Остаток дня после боя и весь следующий день немцы не предприняли попыток атаковать. Периодически из леса выходили немецкие лучники, стреляя в защитников стены. Мои лучники отвечали на дуэль, пока я не запретил зря тратить стрелы. На расстоянии более ста метров в противника попасть нереально, тем более когда он ожидает выстрела и передвигается. Немцы жгли костры, между деревьями сновали их фигурки, но попыток атак не было.
К концу второго дня мы устали от постоянного ожидания атаки. Возможно, именно в этом и состоял план Дитриха: ему то не надо ожидать атаки, обладая колоссальным преимуществом в живой силе. Его воины могли отдыхать, в то время как Русы были вынуждены находиться рядом со стеной. Поручил Шраму организовать дежурство так, чтобы большая часть воинов могла получить отдых и передышку. Выбитые ворота в стене надежно забаррикадировали, несколько легкораненых воинов вернулось в строй.
Общая численность гарнизона Мехика на последней поверке личного состава составила сто шестьдесят два человека, из которых тридцать были всадниками. Арбалетчиков у меня осталось восемнадцать, лучников — около пятидесяти, если считать вместе с легкоранеными. К обеду третьего дня после попытки захватить Мехик, со стороны южных ворот прискакал стражник, со словами, что к городу движется большое войско
Подкрепление, присланное Терсом, включало в себя десять всадников, двадцать четыре арбалетчика, сорок лучников и сто двадцать пехотинцев. Неполные две сотни — это были почти все силы, что Терс мог прислать, учитывая, что в любую секунду можно было ожидать нападения сатанистов из Макселя.
С приходом подкрепления преимущество Дитриха в живой силе значительно снизилось. А с учетом того, что мы были защищены стеной крепости, шансы обеих армий практически уравнялись. Напрягало только значительное превосходство в кавалерии Дитриха.
Прибывшими командовал воин по имени Гурч. Узнав о смерти Борда, похороненного у берега озера, Гурч был искренне расстроен. Мои слова, что он вместе со всем подкреплением поступает в распоряжение Шрама, командир Терса воспринял спокойно и с достоинством.
— Шрам! Надо, чтобы прибывшие заступили на дежурство, дай нашим воинам отдохнуть. И обучи их сигналам свистка, что надо делать при разных сигналах, — проинструктировал начальника гарнизона Мехика.

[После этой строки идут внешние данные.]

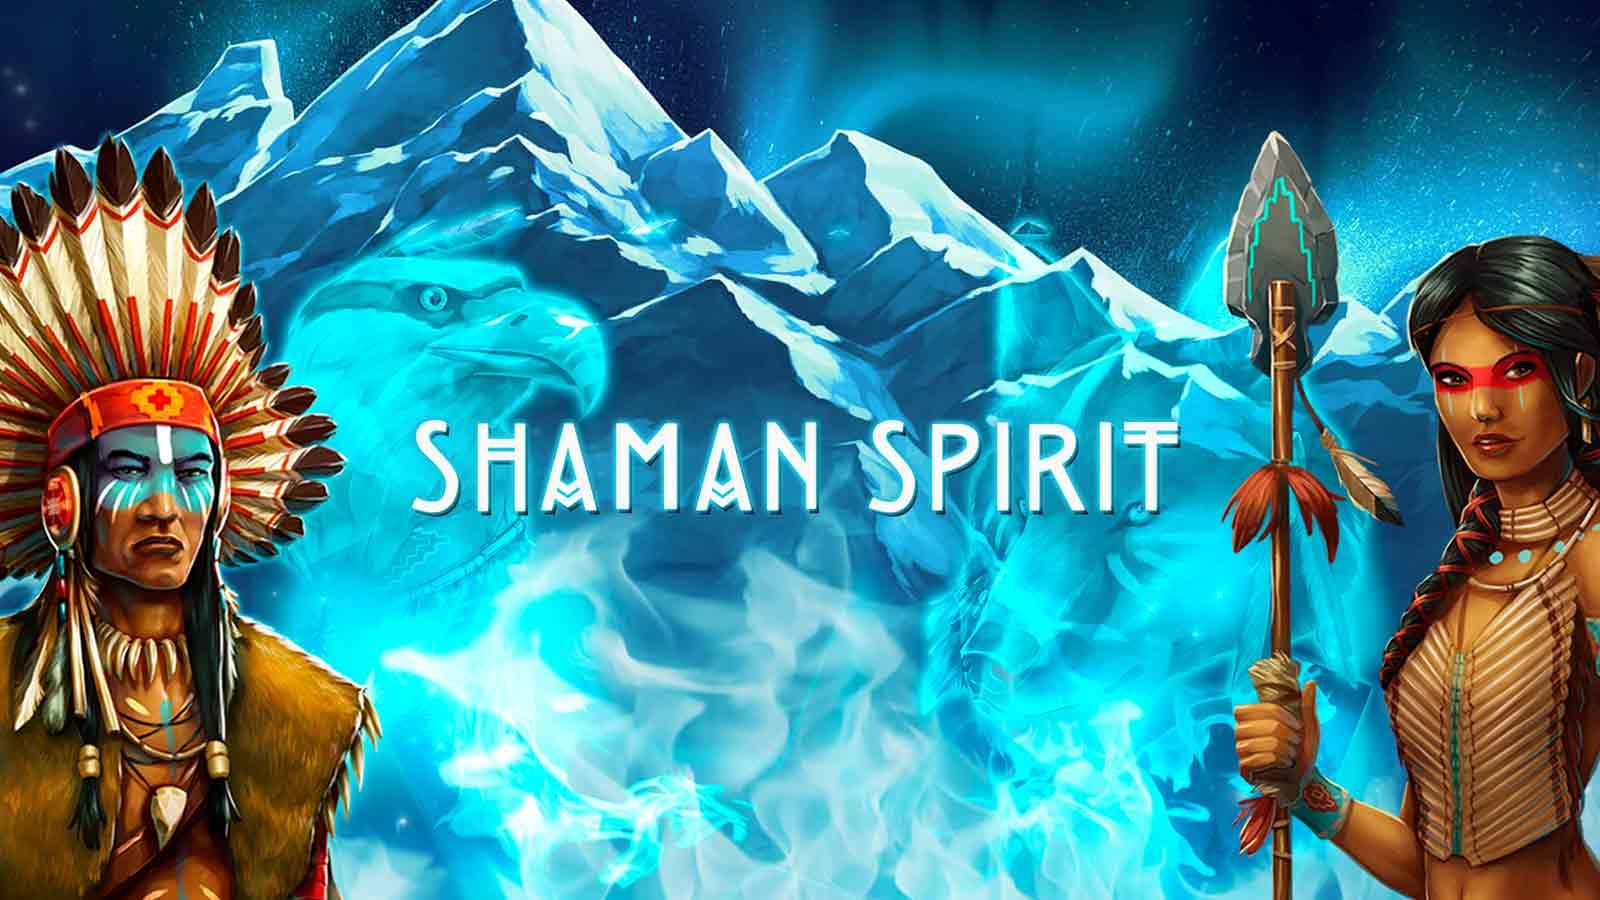 Shaman Spirit online slots game logo

Вновь прибывшие арбалетчики и лучники были из новобранцев, спешно набранных Терсом. Среди них оказался десяток человек из Макселя, пробравшихся в Берлин по суше. Со слов этих беженцев, порт Макселя охранялся, и допуск на корабли был возможен только с разрешения Синода — сына патриарха Никона.
— Макс Са, весь Максель ждет, что Ты после победы над врагом вернешься и избавишь нас от сатанистов, — говоривший парень был конопатым и напоминал деревенского юношу из Средней полосы России. — Очень многие Русы хотели уйти в Берлин, чтобы присоединиться к Тебе, но порт закрыт. А по земле идти трудно и далеко, сатанисты везде патрули поставили. — Закончив говорить, парень покраснел, отчего пигментные пятна на лице стали ещё заметнее.
— Скоро, скоро вернемся в Максель и прогоним сатанистов! — громко пообещал, чувствуя взгляды прибывшего подкрепления. Оставив воинов размышлять над своими словами, спустился к озеру, где за камнями установлены две замаскированные пушки. Нарм поставил здесь своих пушкарей, которые сменялись дважды в день. Отсутствие новых попыток атаковать меня сильно настораживало. Вряд ли Дитрих смирится с такими потерями и отступит, такой шаг сильно подорвал бы его авторитет. Скорее всего, этот нацистский выродок замышляет очередную пакость, понимая, что атака в лоб бессмысленна.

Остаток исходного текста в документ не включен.